The National Disability Insurance Scheme has become a “magic pudding” for governments, service providers and some people with a disability, the head of the Albanese Government’s NDIS review warns. Source: The Australian.

Bruce Bonyhady also says that governments at all levels must return to providing support for people with disability outside the scheme, after virtually vacating the field since the NDIS’s introduction 10 years ago.

More children with developmental concerns should have greater access to early intervention in mainstream settings rather than relying on a place in the NDIS, Professor Bonyhady adds.

In two landmark speeches to a disability conference in Newcastle today, Professor Bonyhady will say governments are too often looking to use the NDIS as a replacement for services in health, early childhood, education, housing and transport.

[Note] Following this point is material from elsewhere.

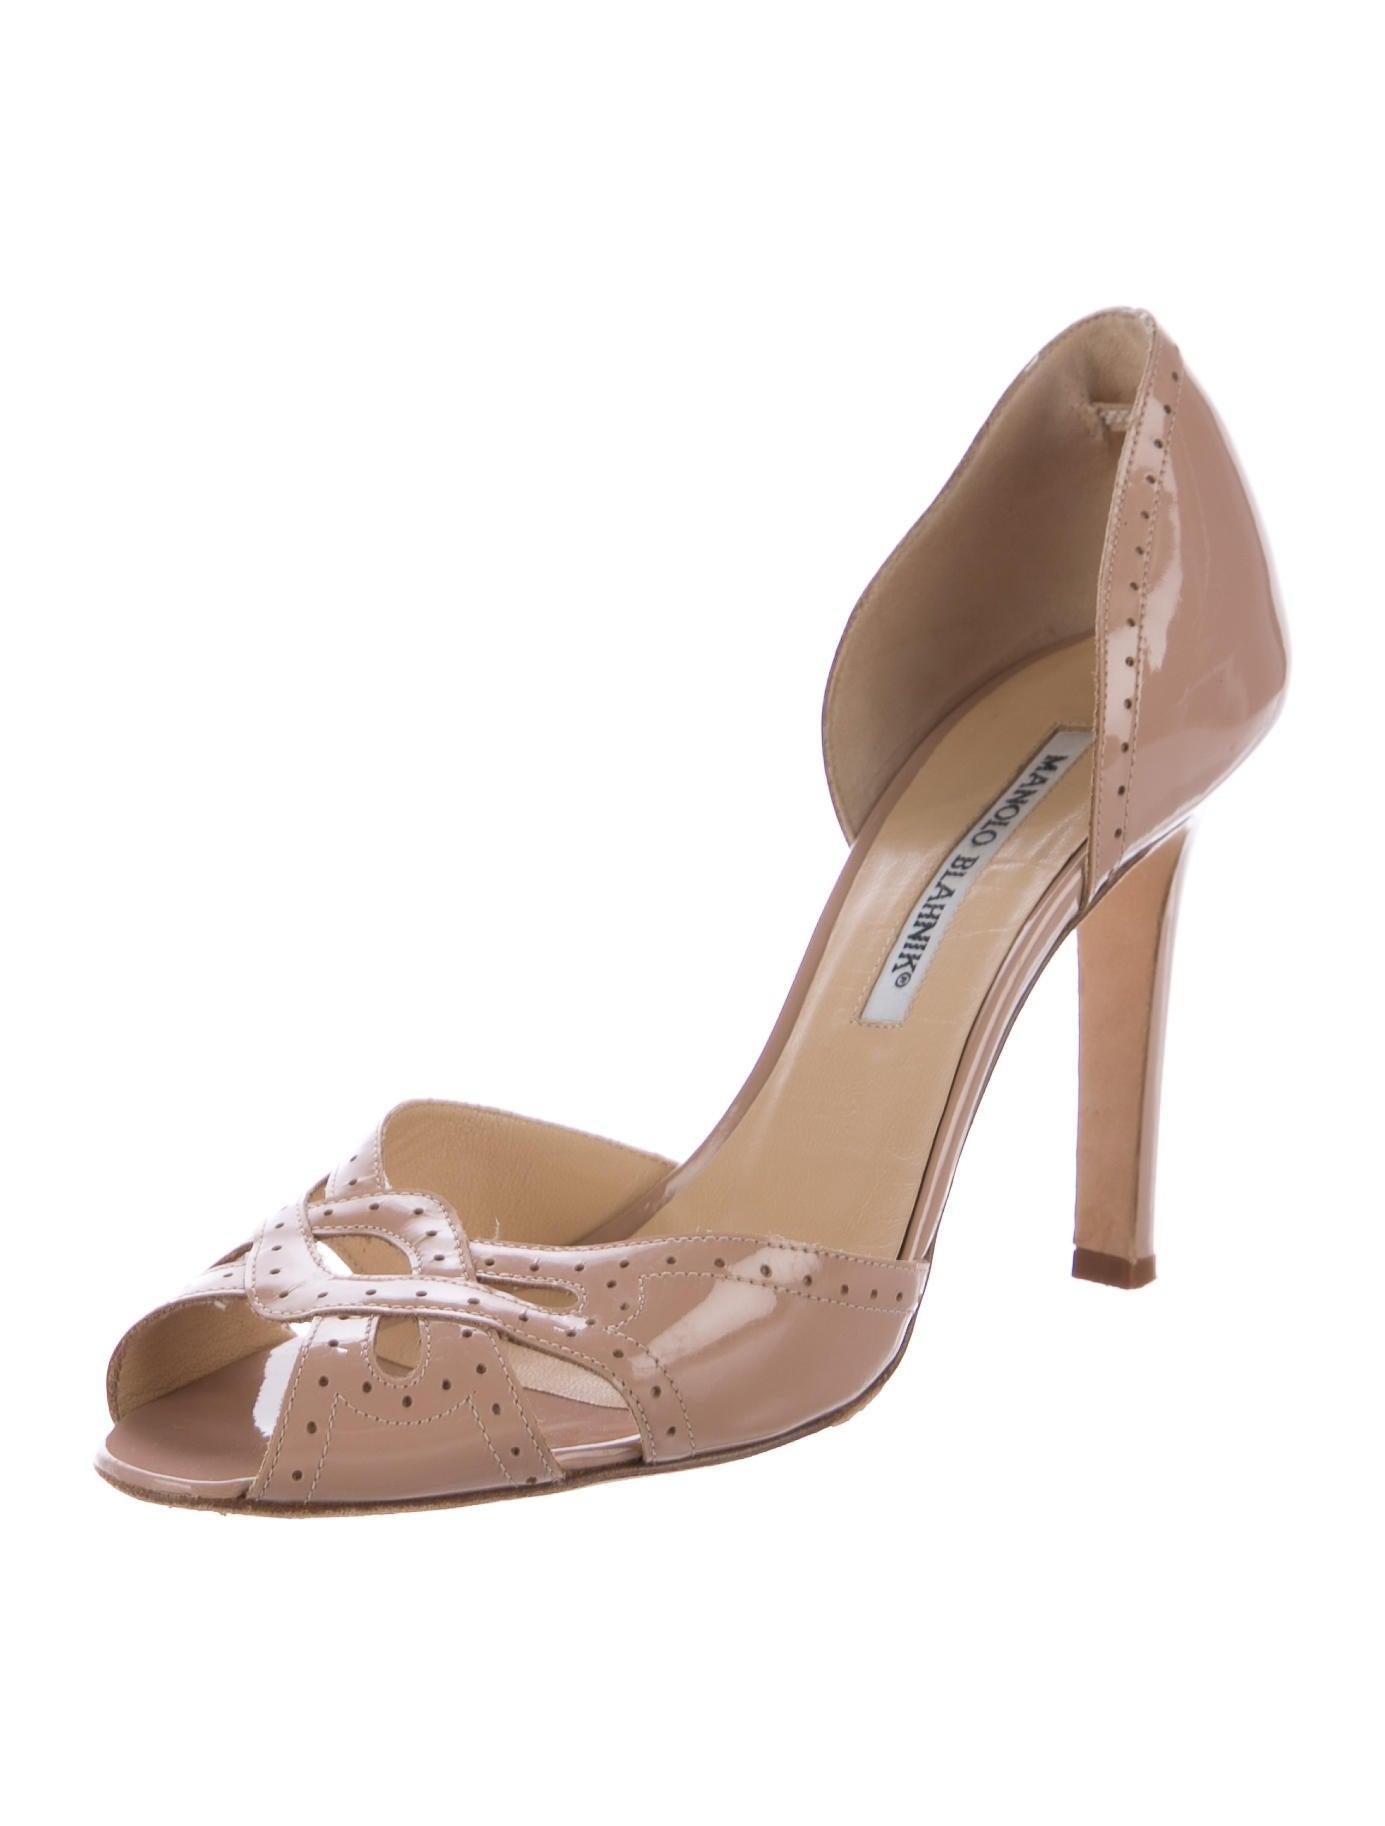 Manolo blahnik peep toe d 39 orsay pumps shoes moo70837 for Shoes by manolo blahnik

“We must stop thinking of the NDIS as though it is a limitless magic pudding,” Professor Bonyhady says.

“What has become clear is that, often without intending to, governments, service providers, and some people with disability and their families, have all started to treat the NDIS as a limitless resource. Governments, while funding the NDIS and worrying about its increasing costs, keep helping themselves to new slices of the NDIS.”

Figures from the National Disability Insurance Agency released last week revealed the scheme would cost an estimated $35 billion in 2022-23, and had 610,000 participants, up by nearly 76,000 in a year. The average annual plan payment is more than $60,000. Along with aged care, health, defence and interest payments on national debt, the NDIS is one of the fastest rising costs in the budget, the latest Intergenerational Report will reveal on Thursday.

NDIS Minister Bill Shorten hand-picked Professor Bonyhady last October, along with former senior public servant Lisa Paul, to co-chair an independent review of the scheme amid concern about its sustainability and poor participant experience. In April, Mr Shorten said the NDIS had “lost its way” and needed an urgent reboot.

FULL STORY

NDIS ‘no magic pudding’, says disabilities expert Bruce Bonyhady (By Stephen Lunn, The Australian)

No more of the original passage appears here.